Yesterday, not only did I finish my first semester as a sophomore at college, but watched the first season of Yuri on Ice come to a close in such a grand finale. I had just arrived back home and watched Episode 12 to my leisure, and I must say I am satisfied with the ending.
If you’re familiar with it (who isn’t?), Yuri on Ice tells the story of a Japanese figure skater named Yuri Katsuki who has lost his chance at becoming a professional and is saddened by his defeat at the finals. However, after a video of him performing is leaked online, Russian professional/his idol, Victor Nikiforov, decides to become Yuri’s coach in hopes of winning the Grand Prix. What follows is awkwardness, life lessons, and a blooming relationship between Yuri and the man he’s put on a pedestal his entire life.
Honestly, it sounds like an average sports anime at first glance, but there’s absolutely more to it than that. Yuri on Ice is arguably the most talked about anime of late 2016, not just because of its gorgeous animation, it’s beautiful musical score, the pacing and how funny it can be, but because of how it handles the portrayal of a gay couple. And not just a gay couple who are side characters, but as the main characters.
Rarely has there been anime (aside from yaoi) where we have homosexual protagonists, especially in a sports anime. And to watch as Yuri and Victor grow as people as as a couple together is just amazing to witness. The way they work off of each other is both interesting and hilarious to watch, mostly because of how much Victor sees the vulnerability in Yuri and his lack of experience in coaching. From his moments of seriousness and bluntness to moments of air-headed innocence and carefree attitude, we see how much he begins to care for him more than as a coach when he isn’t teasing and trolling the poor boy. And to see how much Yuri begins to feel confident in himself while seeing his idol in a new light is both heartwarming and adorable. Honestly, these two are probably one of my most favorite couples in anime and in fiction.

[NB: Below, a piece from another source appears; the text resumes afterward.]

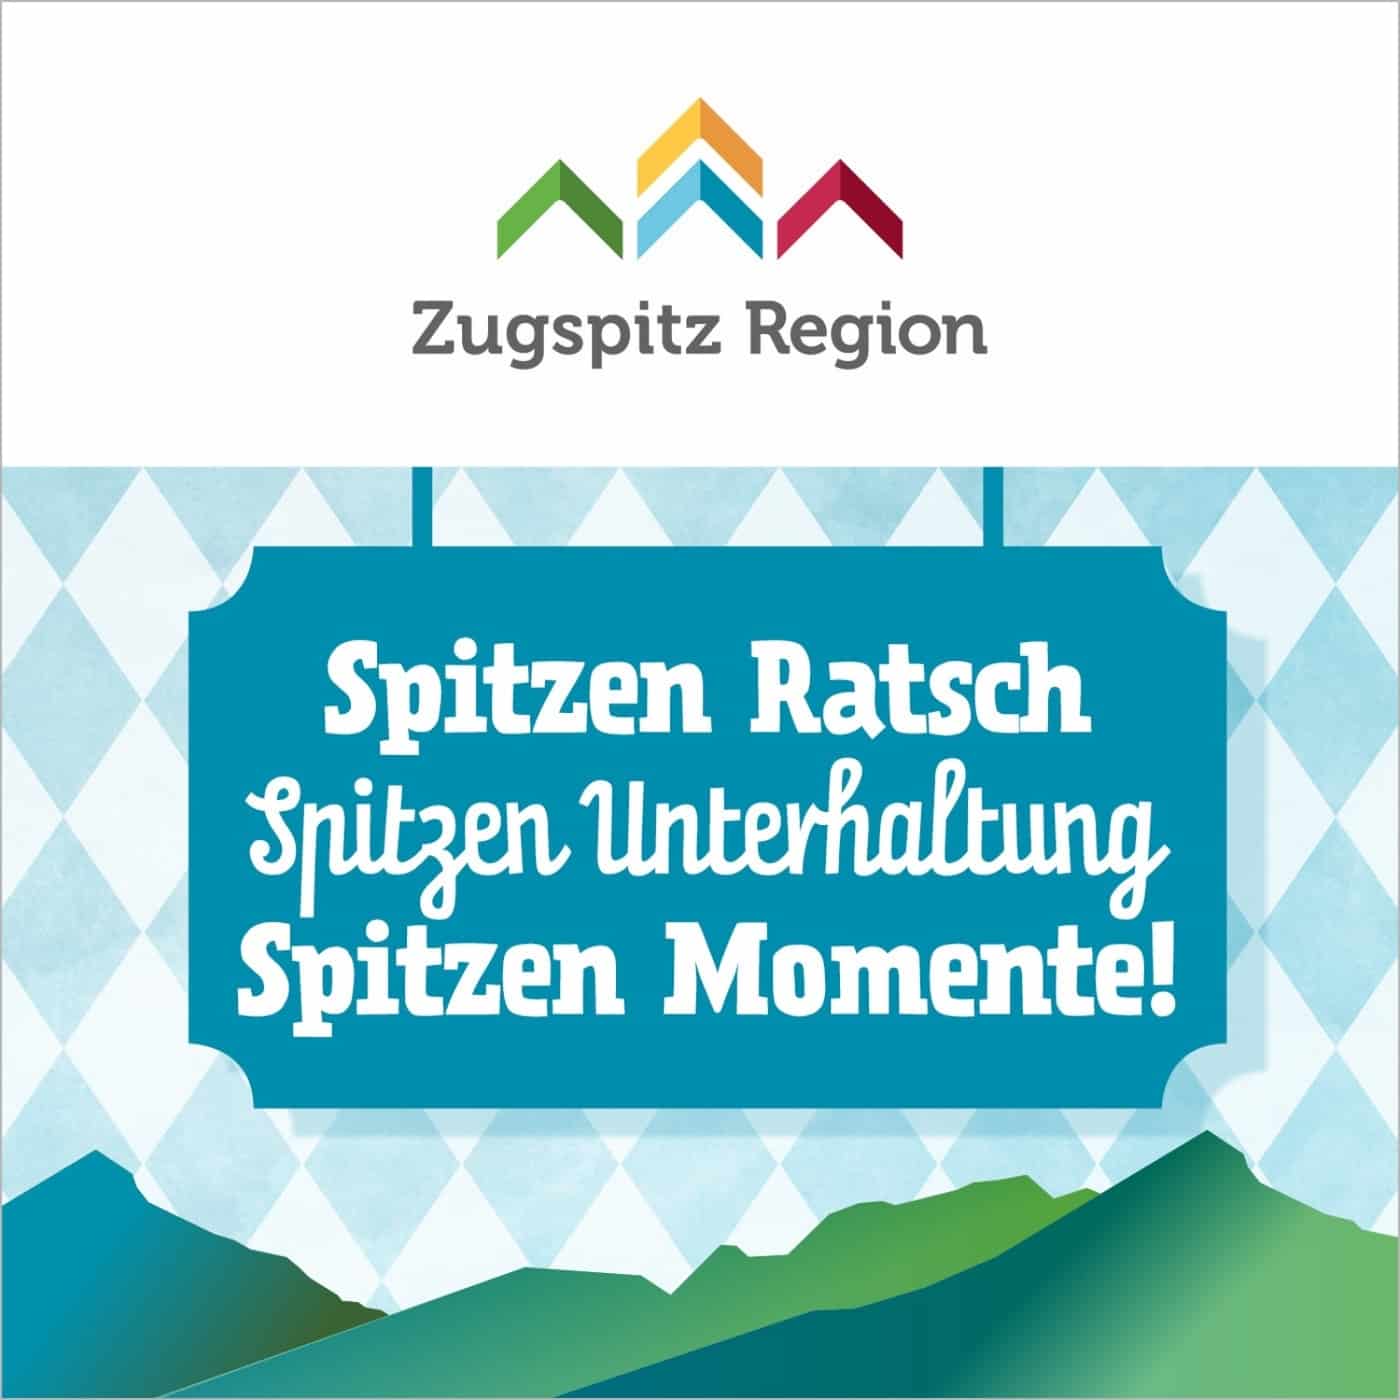 Zugspitz Region - der Reise und Tourismuspodcast

What else can I say about Yuri on Ice that nobody else has so far on other blogs? Well, not much other than the wonderful music (I could watch the opening over and over again), animation and how funny the show can be. Seriously, the comedy in this show is on-par with The Wallflower, with the interactions between the three protagonists making you crack a smile at least.

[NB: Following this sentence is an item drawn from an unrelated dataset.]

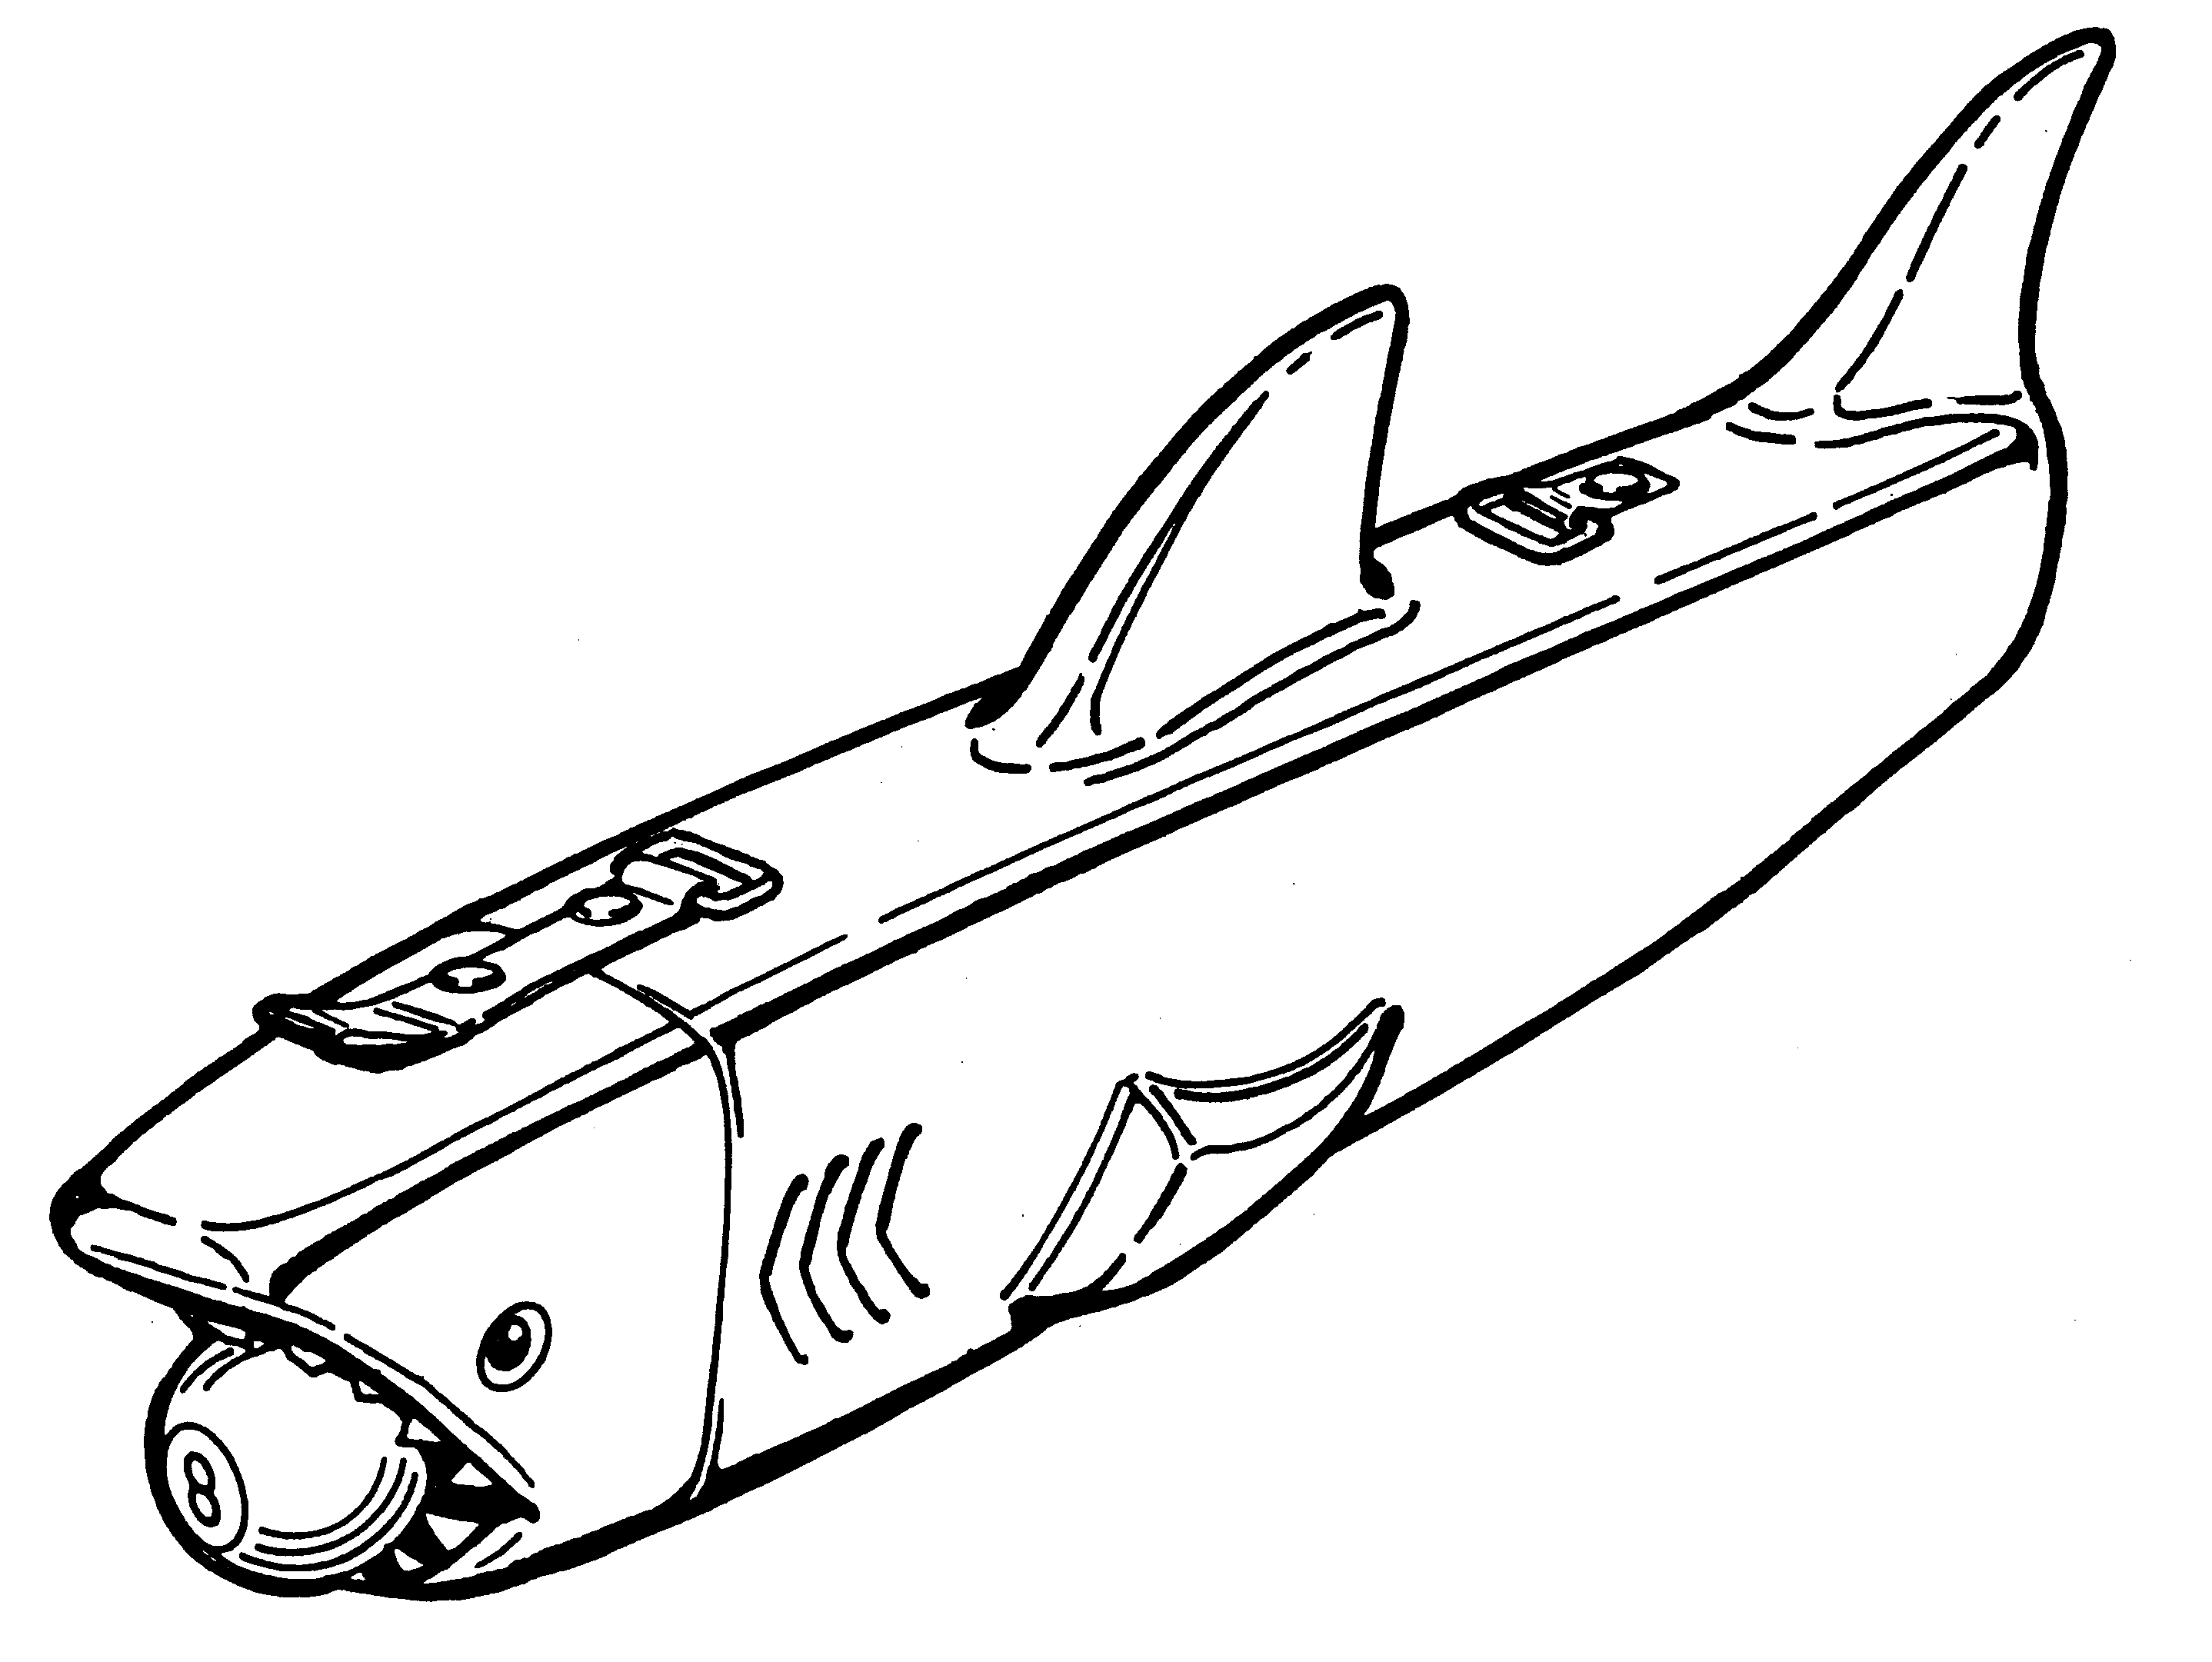 Shark shaped container - Larsen, Malvin Leslie

If I did have any problems, it’d be that I honestly couldn’t follow how the rules of figure skating works. Okay, we know that falling on the ice is a deduction for points, but I couldn’t follow what types of jumps and flips they were referencing. To be fair, most sports anime don’t exactly preach how the rules work compared to other TV anime, but all I could do to know how well they did is from the scores and inner monologues.
Plus, it may be a bit of a pet peeve, but I wanted to see more of Victor and Yuri together. I mean, the creators have confirmed over and over that Yuri and Victor are together (just wait until Episode 10 to see it over-confirmed), but we don’t see them do things couple-related aside from over-excessive flirting and a offscreen kiss. I don’t know if we didn’t see more of it because of artistic license or the fact that Japanese TV isn’t fond with an onscreen gay couple (strange, seeing as how Naruto can get away with it between two twelve-year-olds if it’s an accident and meant as a joke), but I wanted to see more of their relationship blossom.
Oh well, we have season 2 to see that. If you watched the credits of Episode 12 like I have, I agree with you and say I cannot wait to see more of Yuri Katsuki and Victor Nikiforov together, and cannot wait for Yuri on Ice Season 2!